ECLI:NL:RBROT:2021:6739

Rechtbank Rotterdam

Datum uitspraak
9 juli 2021
Publicatiedatum
14 juli 2021
Zaaknummer
8804503
Instantie
Rechtbank Rotterdam
Type
Uitspraak
Procedures
  • Eerste aanleg - enkelvoudig
Vindplaatsen
  • Rechtspraak.nl
AI samenvatting door LexboostAutomatisch gegenereerd

Kwalificatie van overeenkomst in huur- of bruikleenkwestie met incident tot voeging en tussenkomst

In deze zaak, behandeld door de kantonrechter van de Rechtbank Rotterdam, is op 9 juli 2021 uitspraak gedaan in een incident dat voortkwam uit een civiele procedure. De eiser in de hoofdzaak, aangeduid als [eiser 1], heeft een vordering ingesteld tegen de gedaagden, [gedaagde 1] en [gedaagde 2], met betrekking tot de kwalificatie van een overeenkomst als huur- of bruikleenovereenkomst. De eiser stelt dat de overeenkomst rechtsgeldig is opgezegd door de NS en vordert ontruiming van de panden, alsook betaling van dwangsommen. De gedaagden betwisten de vorderingen en stellen dat er sprake is van huurovereenkomsten, waarbij zij rechten hebben verworven door langdurig gebruik van de panden.
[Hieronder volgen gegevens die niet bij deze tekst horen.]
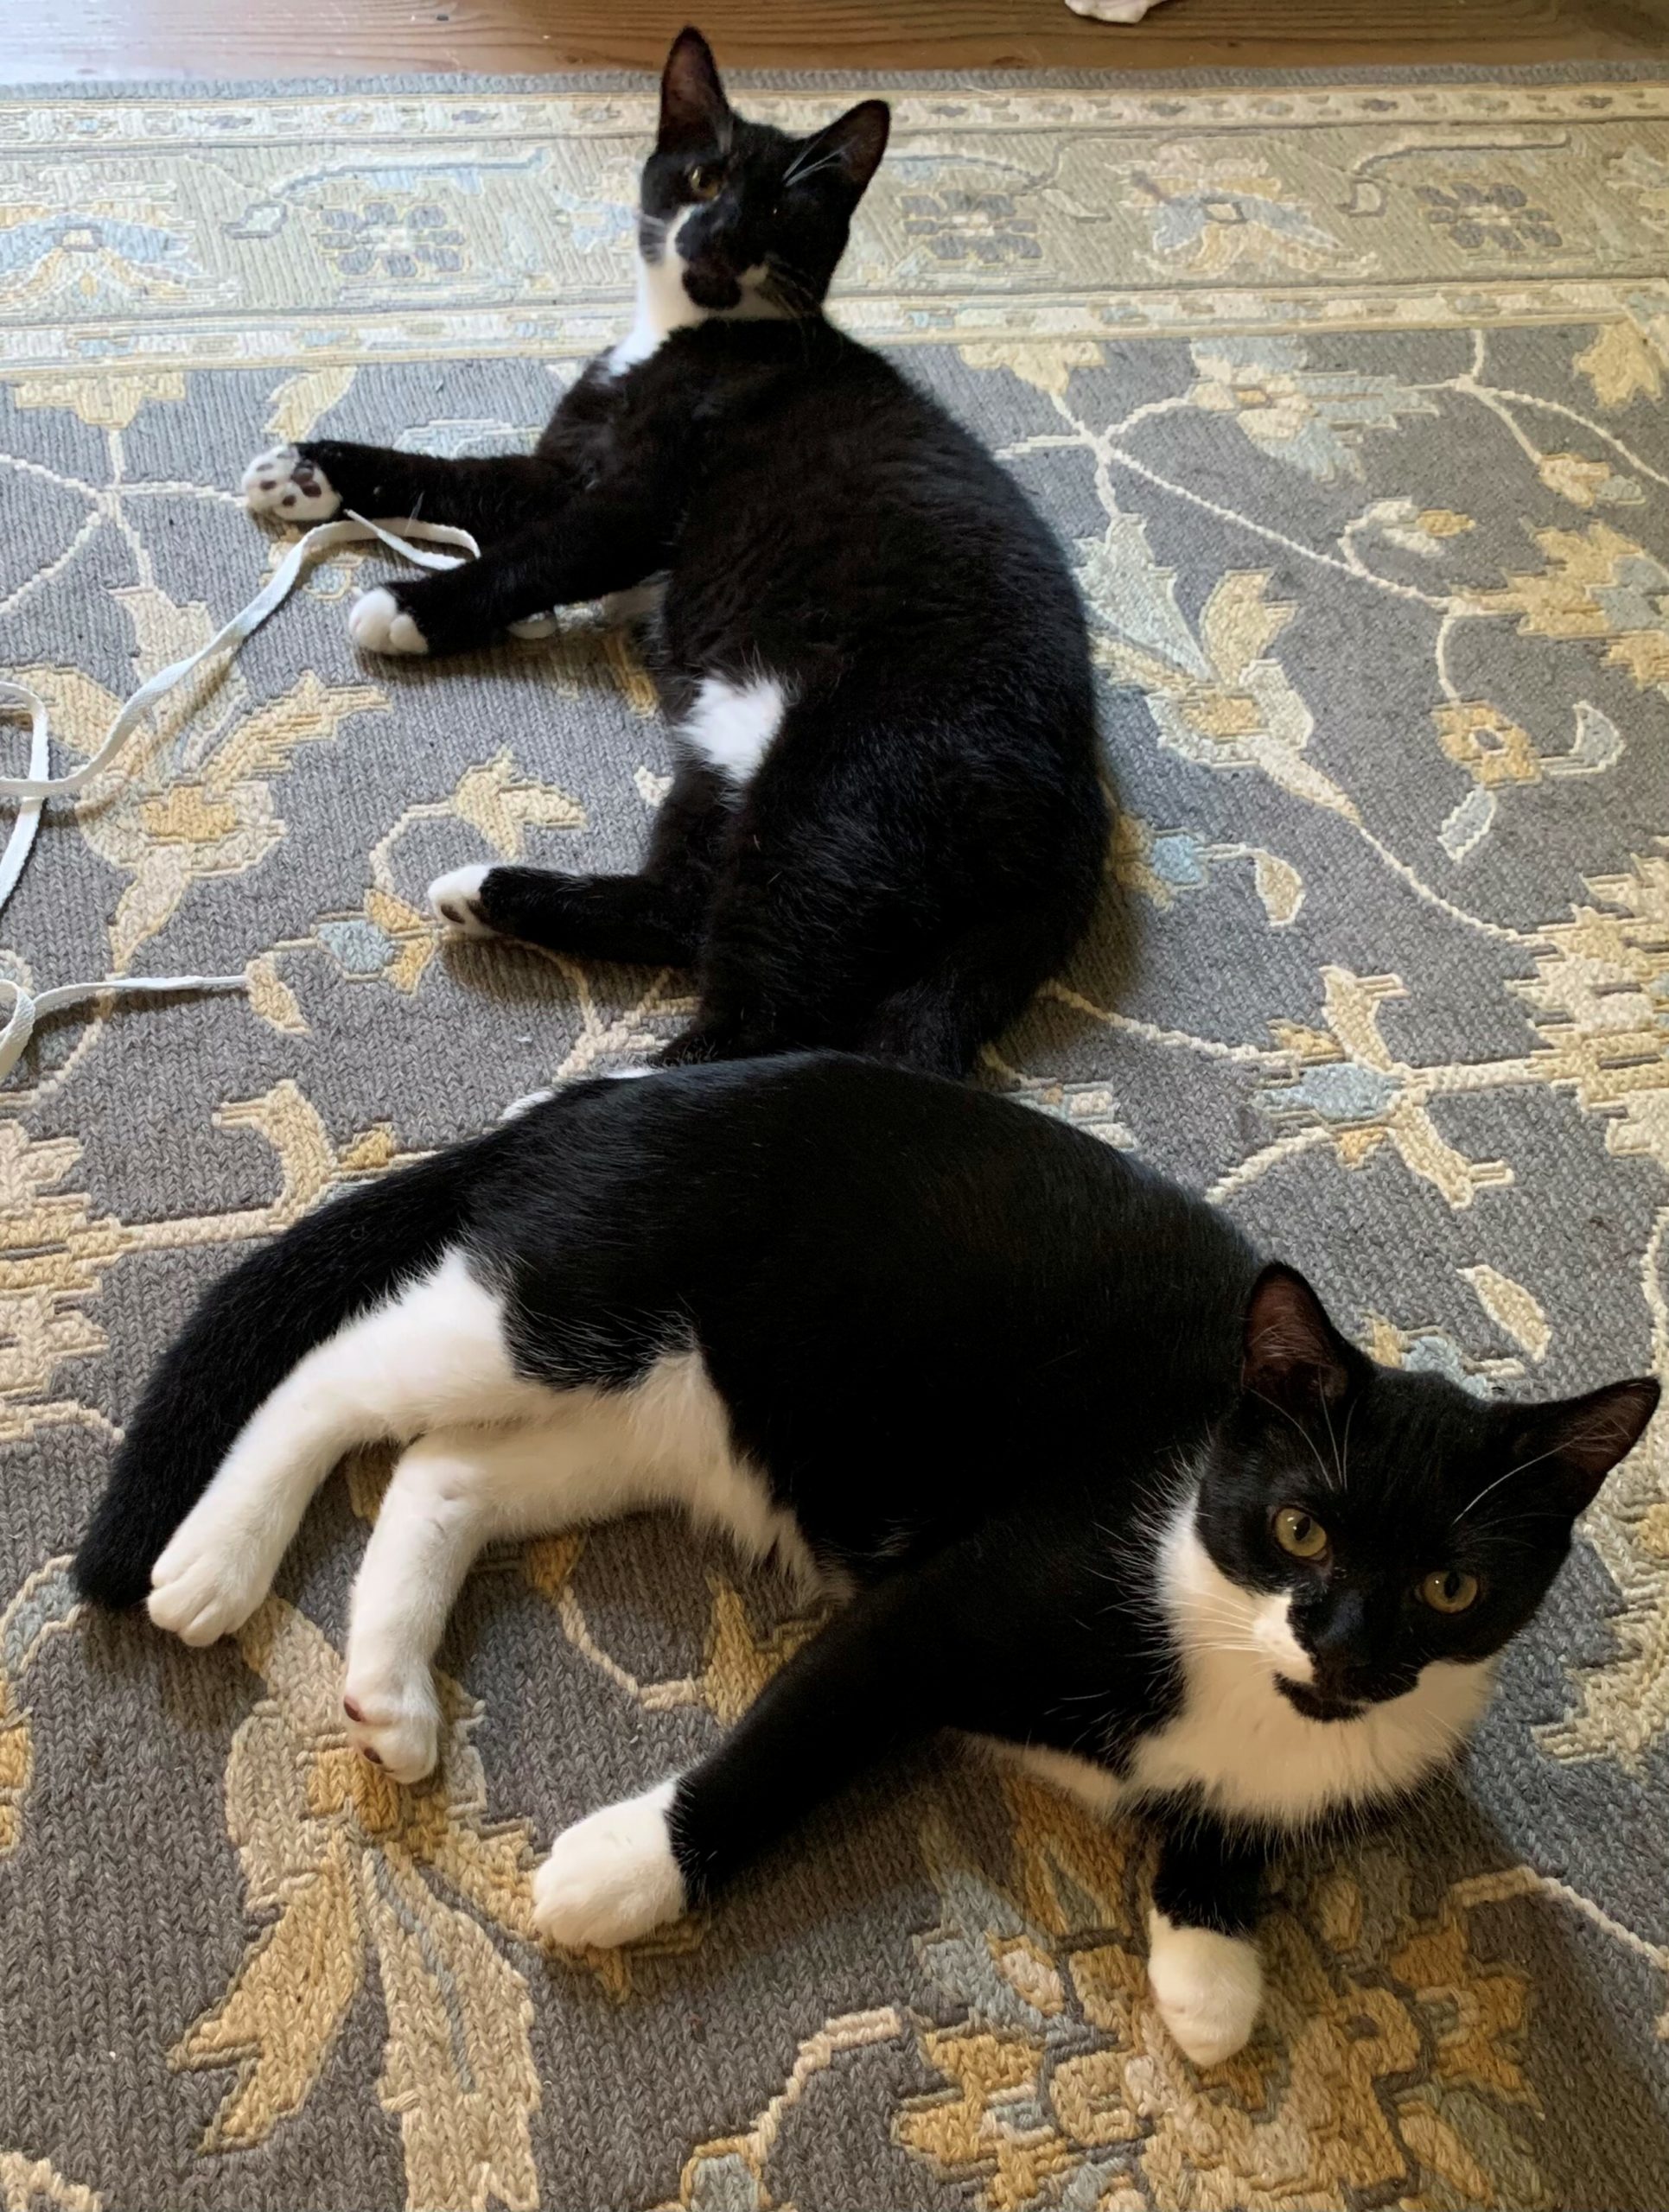 Five-month-old kittens Martin and Davis are currently living in a foster home and are available for adoption.
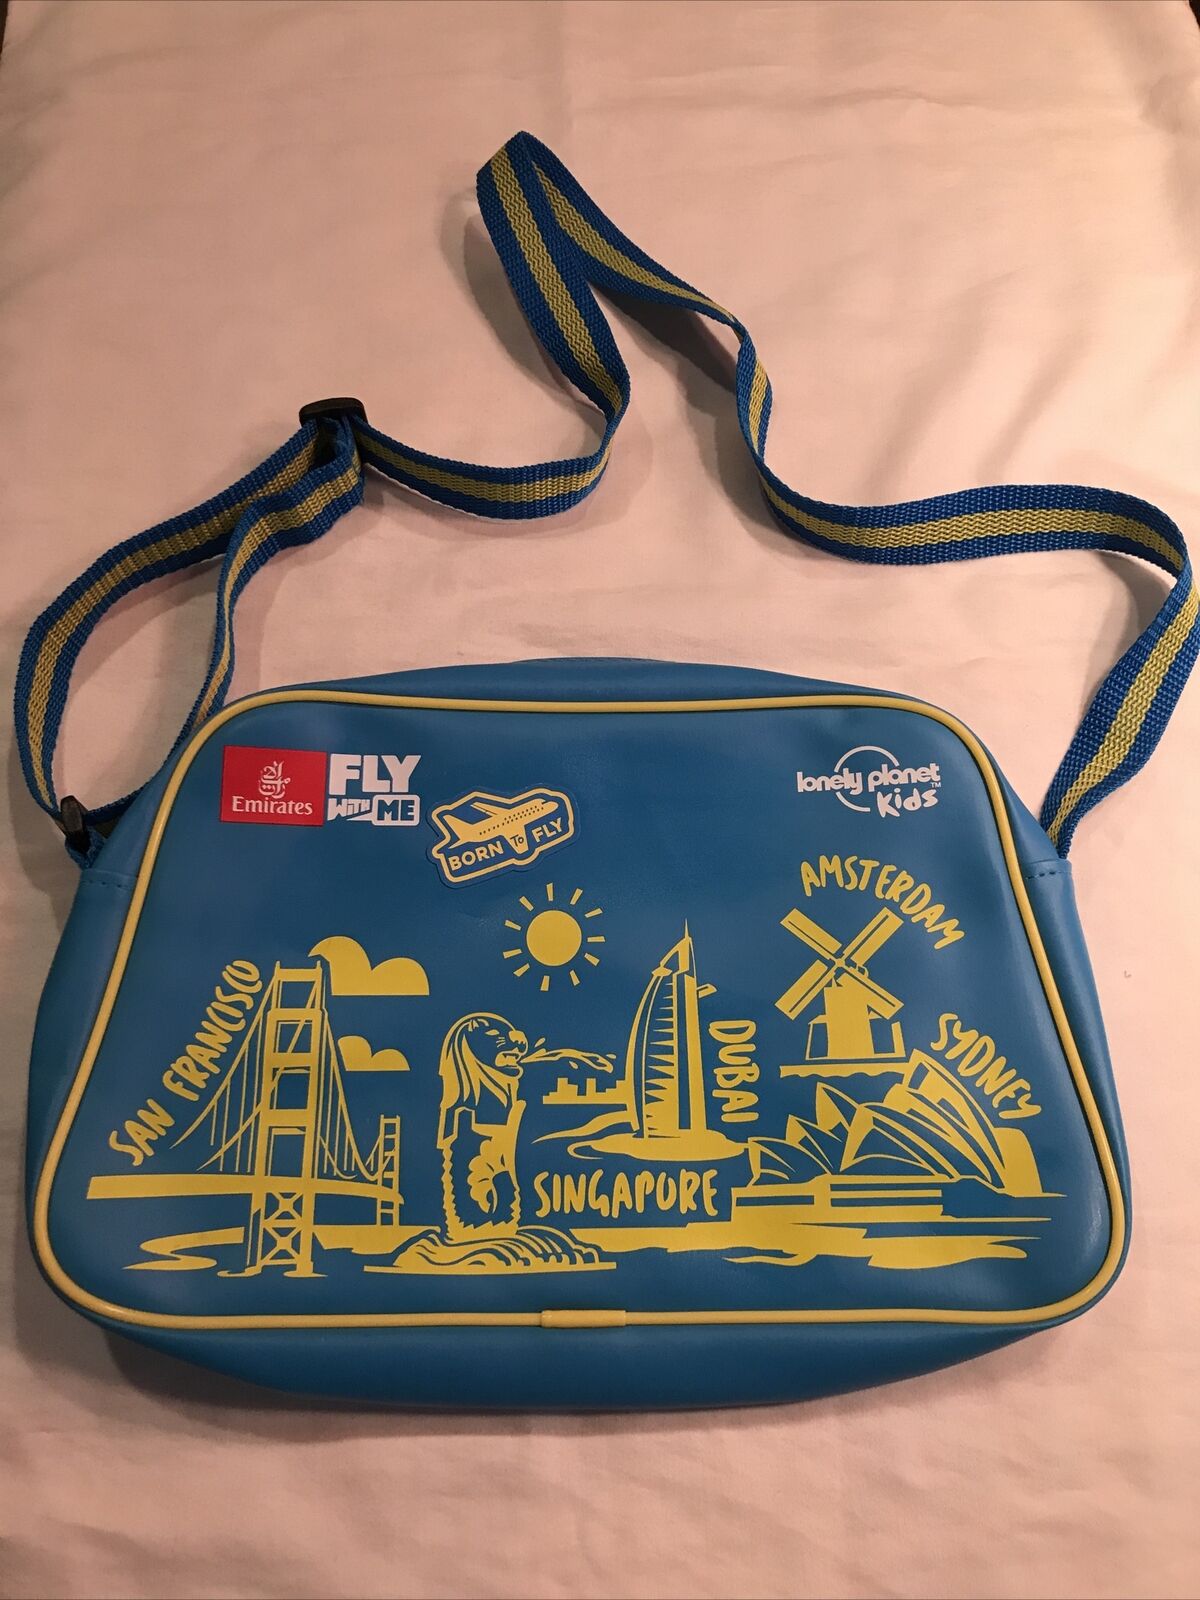 Emirates Airlines Fly With Me Lonely Planet Kids Travel Bag/Adjustable Strap #

Daarnaast heeft [eiser 2] zich in het incident gevoegd, met de vordering om als tussenkomende partij te worden toegelaten, omdat hij de eigenaar is geworden van een van de panden. De kantonrechter heeft geoordeeld dat [eiser 2] een voldoende belang heeft bij de tussenkomst, aangezien de uitkomst van de hoofdzaak directe gevolgen kan hebben voor zijn rechten. De vorderingen van de gedaagden tot niet-ontvankelijkheid zijn afgewezen, en de kantonrechter heeft de vordering tot tussenkomst van [eiser 2] toegewezen. De zaak is verwezen naar de rol voor het nemen van een conclusie van eis aan de zijde van [eiser 2].

Uitspraak

RECHTBANK ROTTERDAM

zaaknummer: 8804503 \ CV EXPL 20-35417
uitspraak: 9 juli 2021
vonnis in incident van de kantonrechter, zitting houdende te Rotterdam,
in de zaak van
[eiser 1],
wonende te [woonplaats eiser 1] ,
eiser in conventie in de hoofdzaak, verweerder in voorwaardelijke reconventie in de hoofdzaak,
verweerder in het incident,
gemachtigde: mr. J.B. Maliepaard, advocaat te Rotterdam,
tegen

1..[gedaagde 1] ,

2. [gedaagde 2],
beiden wonende te [woonplaats gedaagden] ,
gedaagden in conventie in de hoofdzaak, eisers in voorwaardelijke reconventie in de hoofdzaak,
verweerders in het incident,
gemachtigde: mr. S. Velthuizen, advocaat te Rotterdam.
in welke procedure heeft verzocht te worden toegelaten als tussenkomende dan wel gevoegde partij aan de zijde van [eiser 1] in de hoofdzaak:
[eiser 2],
wonende te [woonplaats eiser 2] ,
eiser in het incident,
gemachtigde: mr. J.K.S. Verhoek, advocaat te Rotterdam.
Partijen worden hierna verder aangeduid als “ [eiser 1] ”, “ [gedaagden] ” en “ [eiser 2] ”.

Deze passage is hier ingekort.